National park in Queensland, Australia

Mount Coolum is a hill in Mount Coolum National Park in a suburb of the same name in Queensland, Australia. Mount Coolum is located on the Sunshine Coast, 101 km north of Brisbane. It lies between the Sunshine Motorway to the west, the shoreline to the east, Coolum Beach township to the north and Marcoola township to the south.

==Formation==
Created about 26 million years ago, Mount Coolum is a laccolith, formed when a dome-shaped bulge of magma cooled below the Earth's surface, roughly circular in plan with tall cliffs on the eastern and southern side. It rises abruptly from the coastal plain to a 208 m peak, resembling the Glasshouse Mountains to the south. Mount Coolum is largely formed from 26 million year old rhyolite which forms regular columns and jointing patterns. A disused quarry occupies the eastern foothills of the mountain. After heavy rain there are a number of waterfalls on the cliffs.

==Climbing Mount Coolum==
A 1.6 km long track climbs Mount Coolum from the east, starting at a carpark on Tanah Street West off David Low Way in the suburb of Mount Coolum. The lower part of the track is deceptively well-formed and gentle but it quickly deteriorates to become very steep, very rough and dangerously slippery when wet.

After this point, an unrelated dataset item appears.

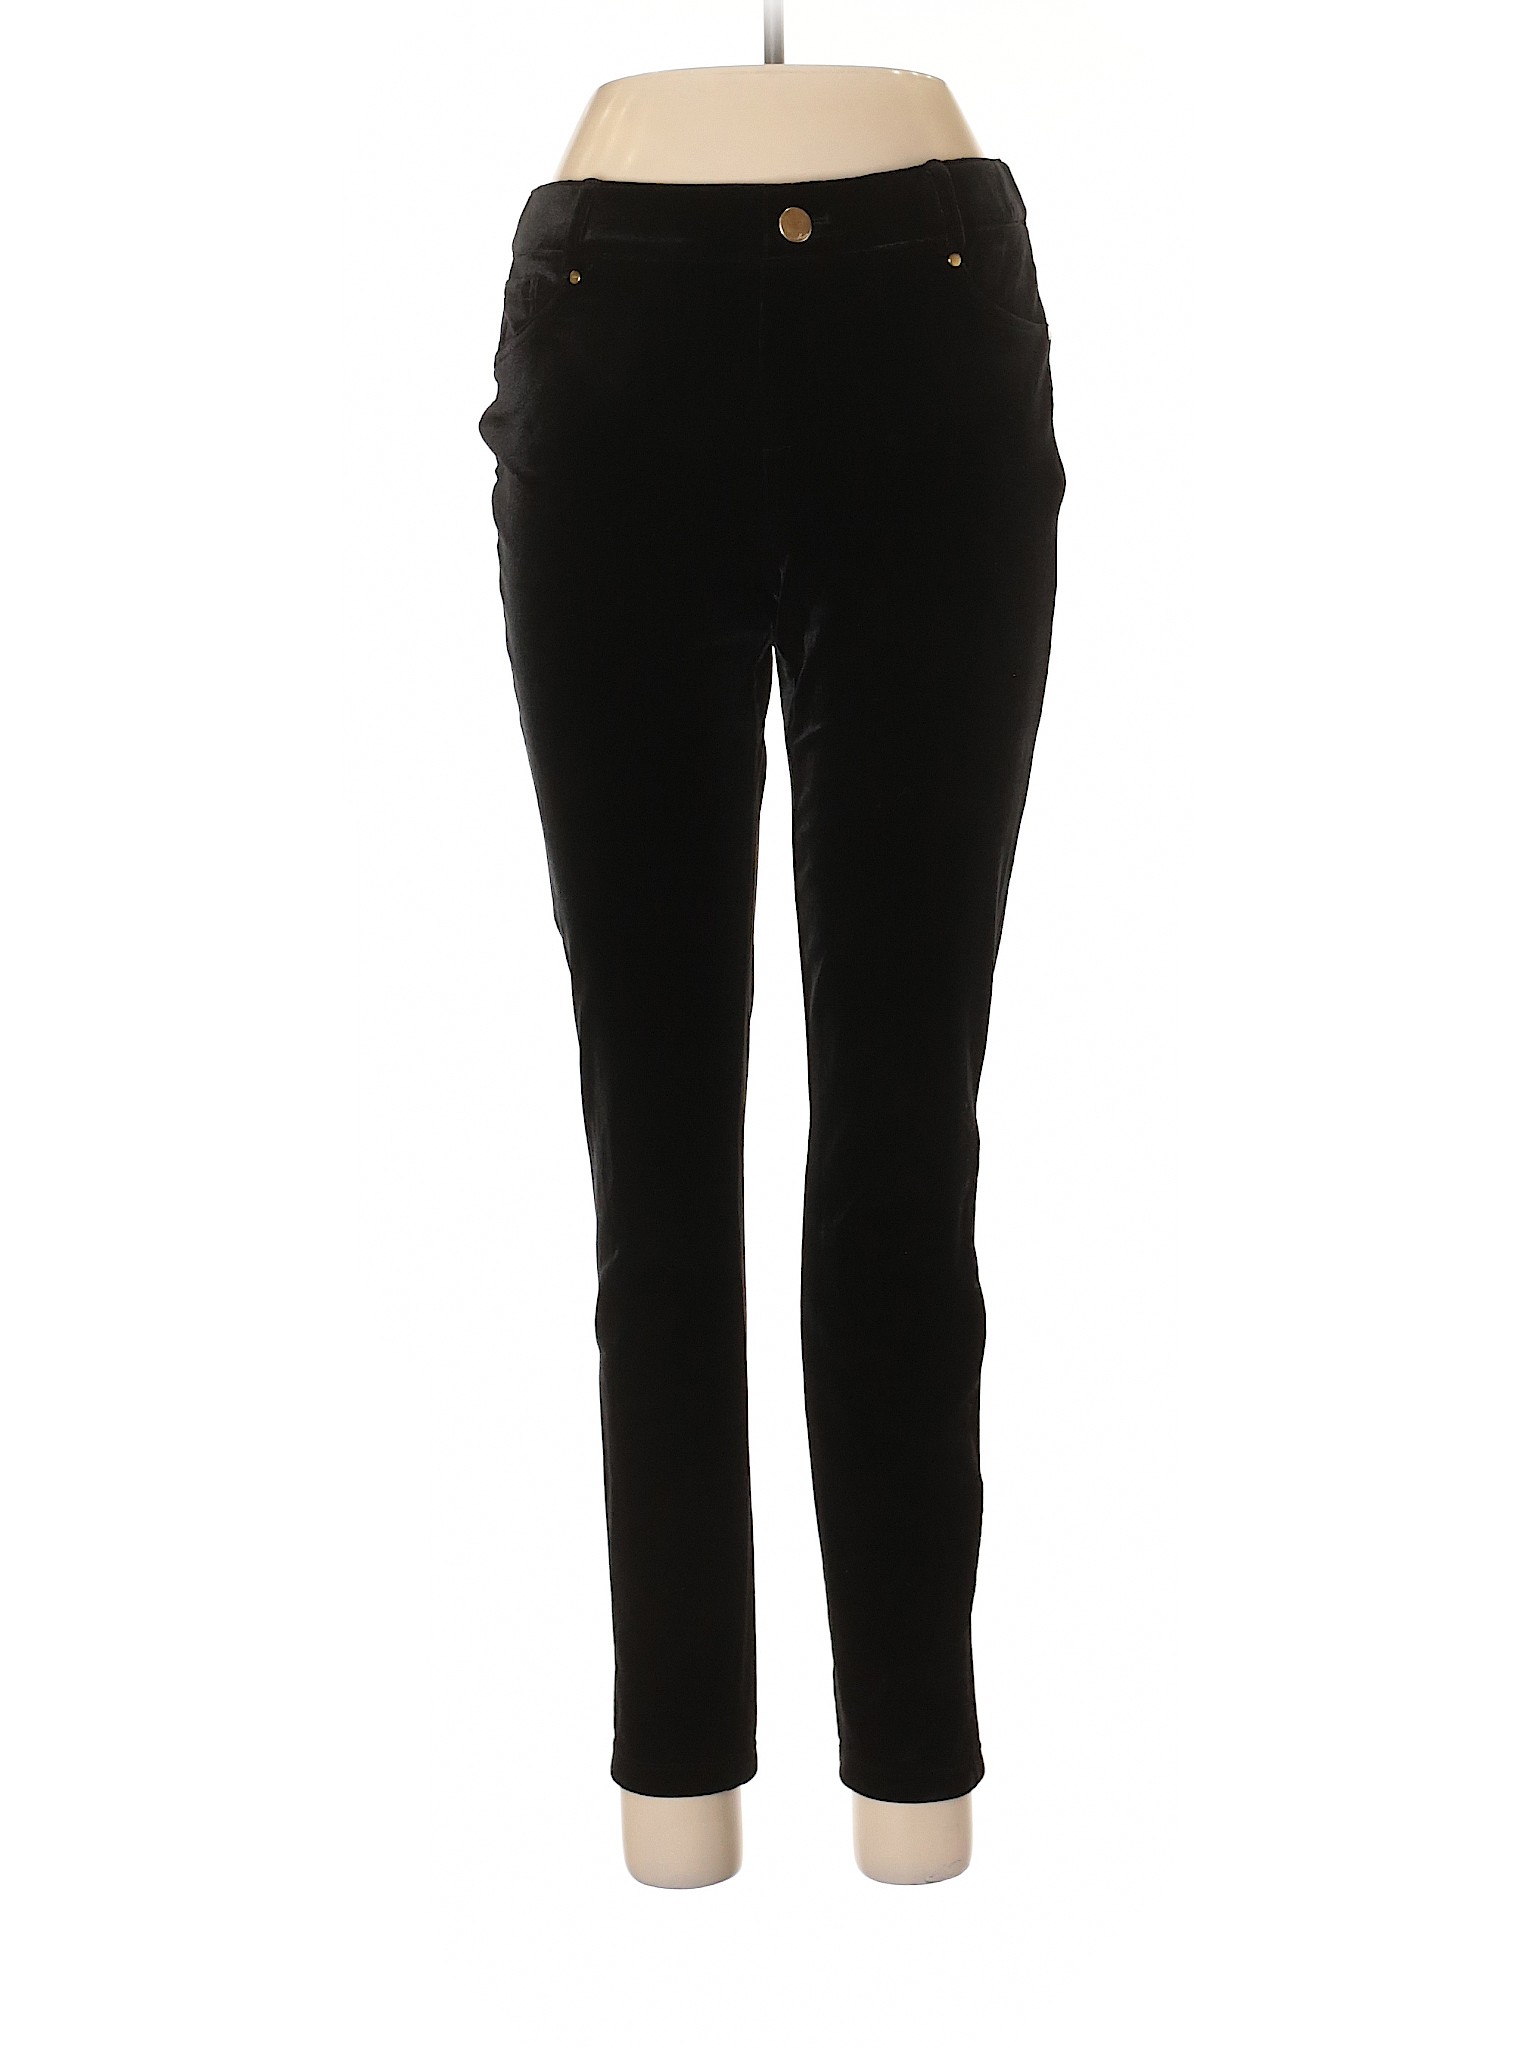 INC International Concepts Women Black Casual Pants 10 Petites | eBay
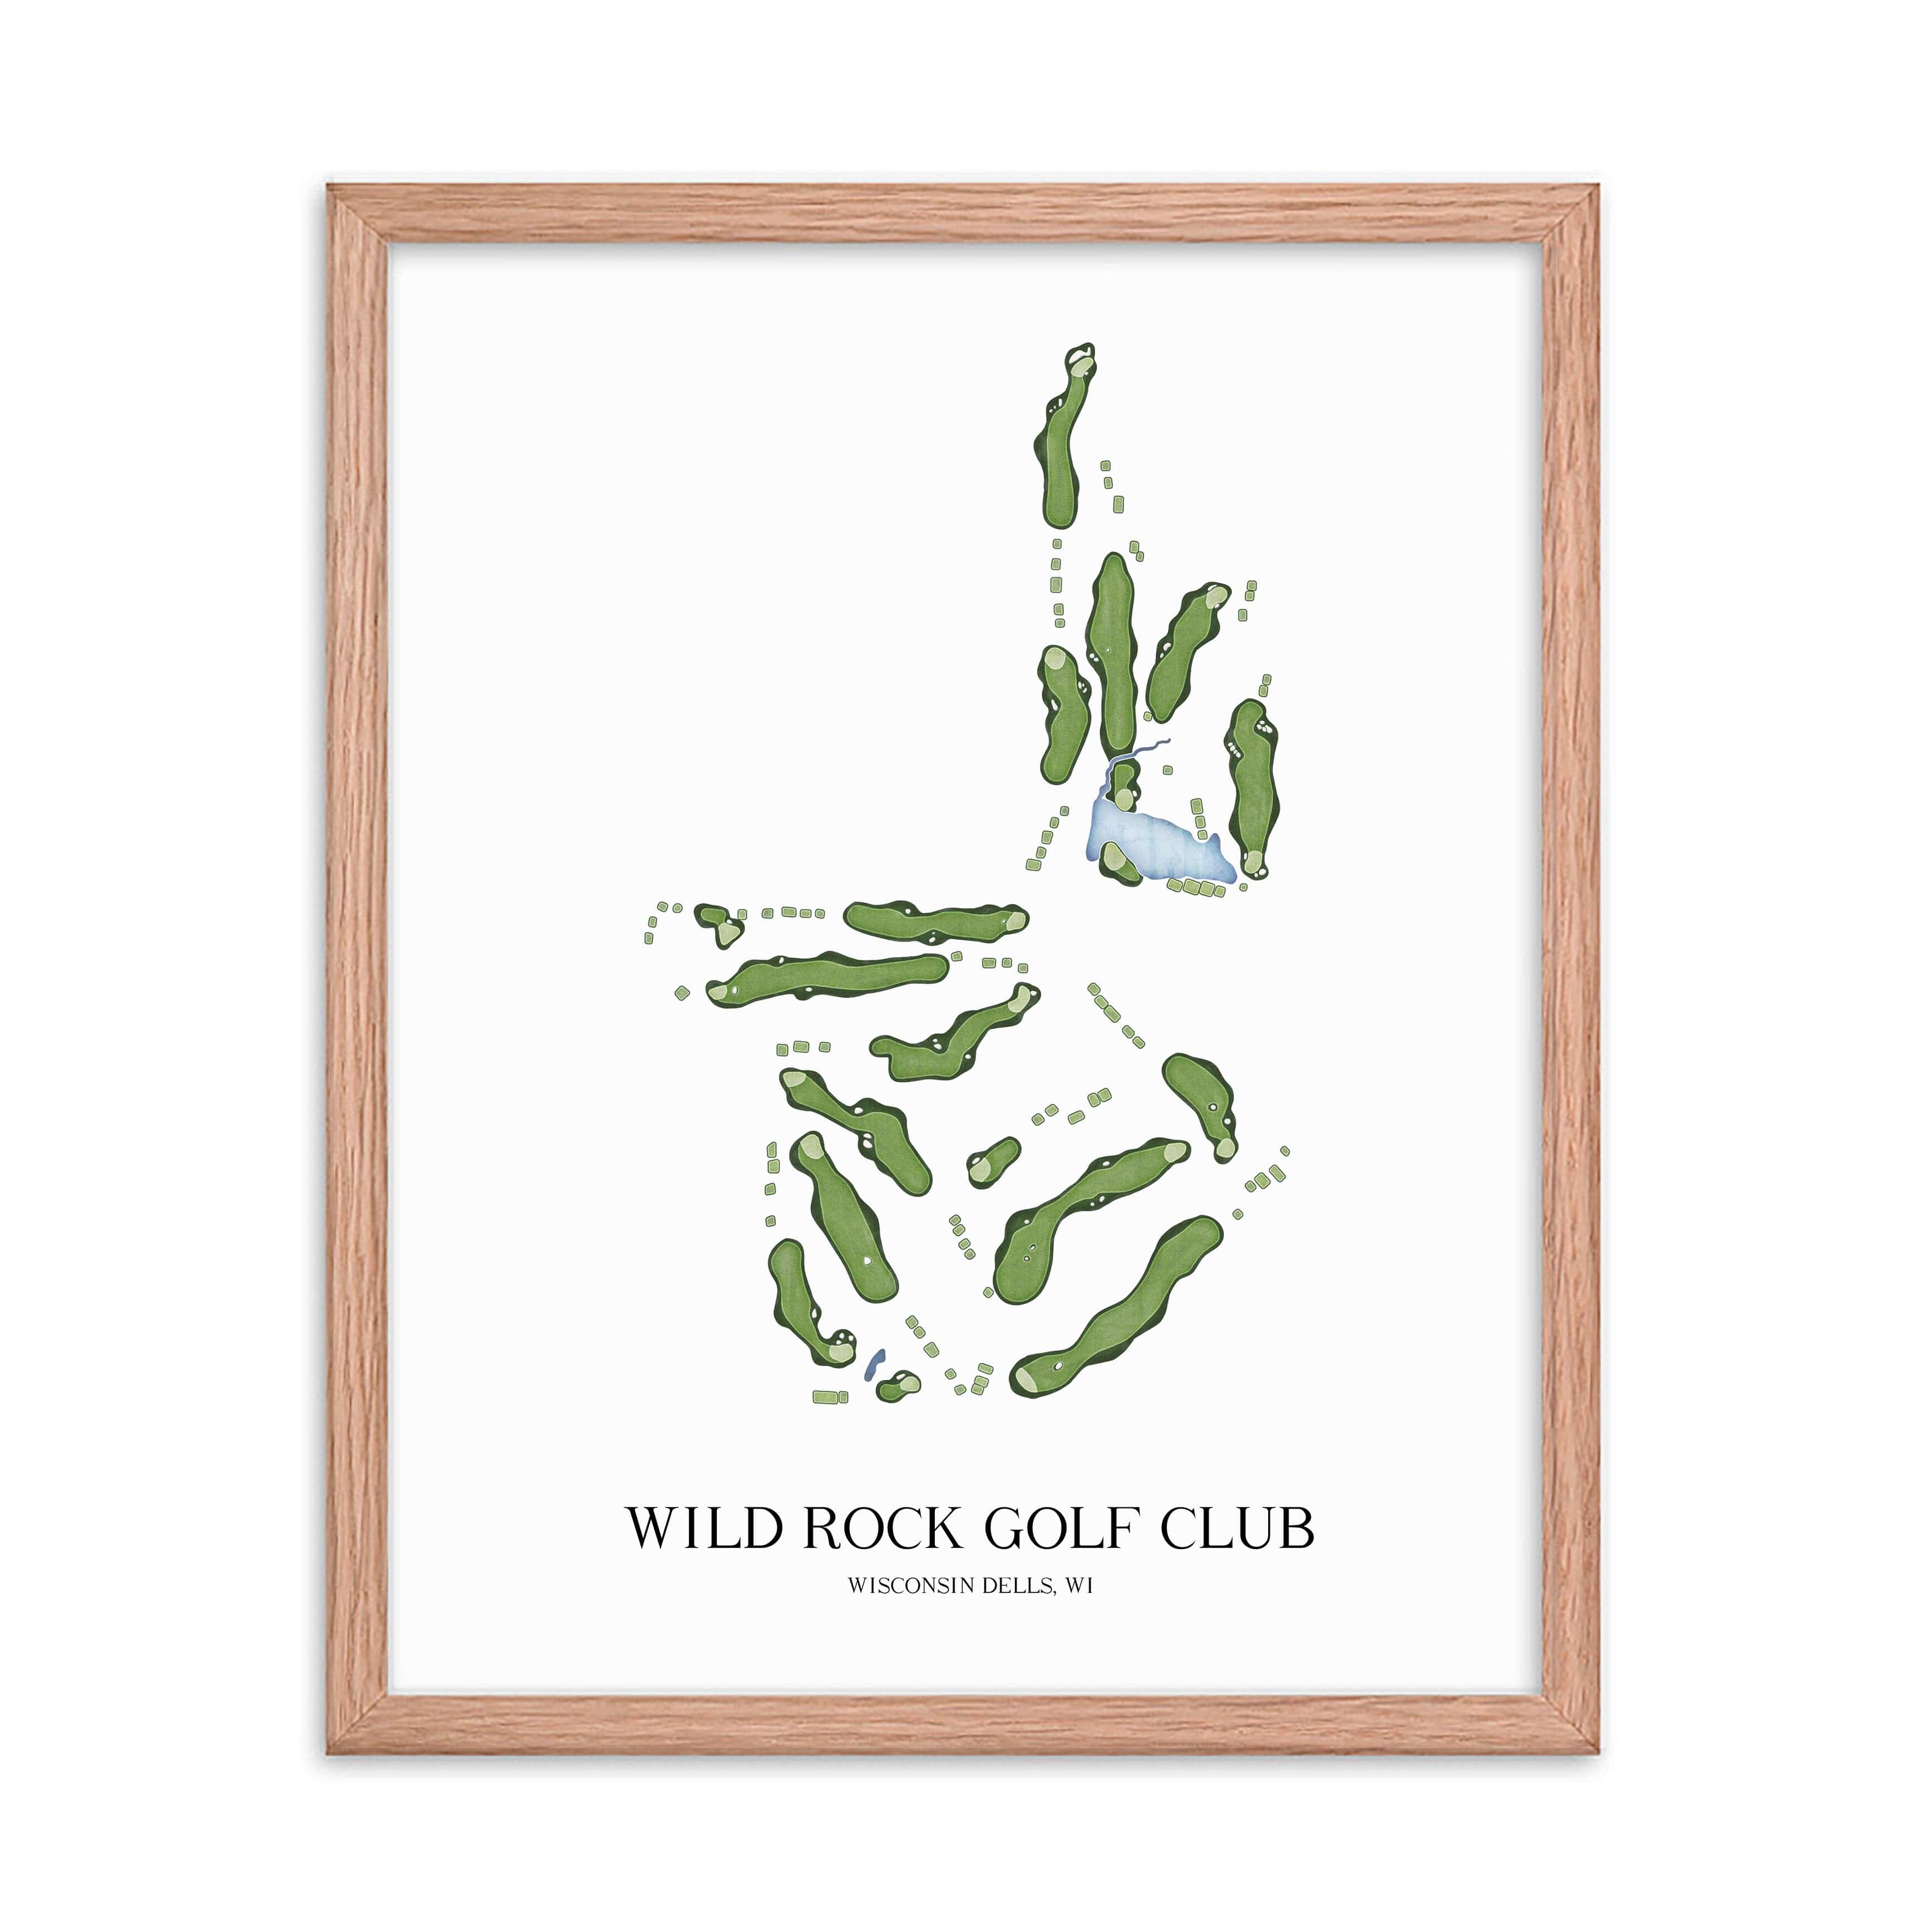 The 19th Hole Golf Shop - Golf Course Prints -  Wild Rock Golf Club Golf Course Map

The walk up and back can be completed in 30–40 minutes; it should not be started after rain or when rain, storms or dusk threaten. The peak hosts a cage containing an aircraft hazard obstacle light, necessary because of the mountain's close proximity to the Sunshine Coast Airport. On average about 140 people climb to the summit each day.

==Ecological values==
The park is noted for its remarkable botanical diversity; more than 700 different species of plant have been identified there. Vegetation types include eucalypt forest, coastal wallum, paperbark wetland, rare coastal montane heath and some rainforest.

A pair of peregrine falcons are reported to nest on the cliffs.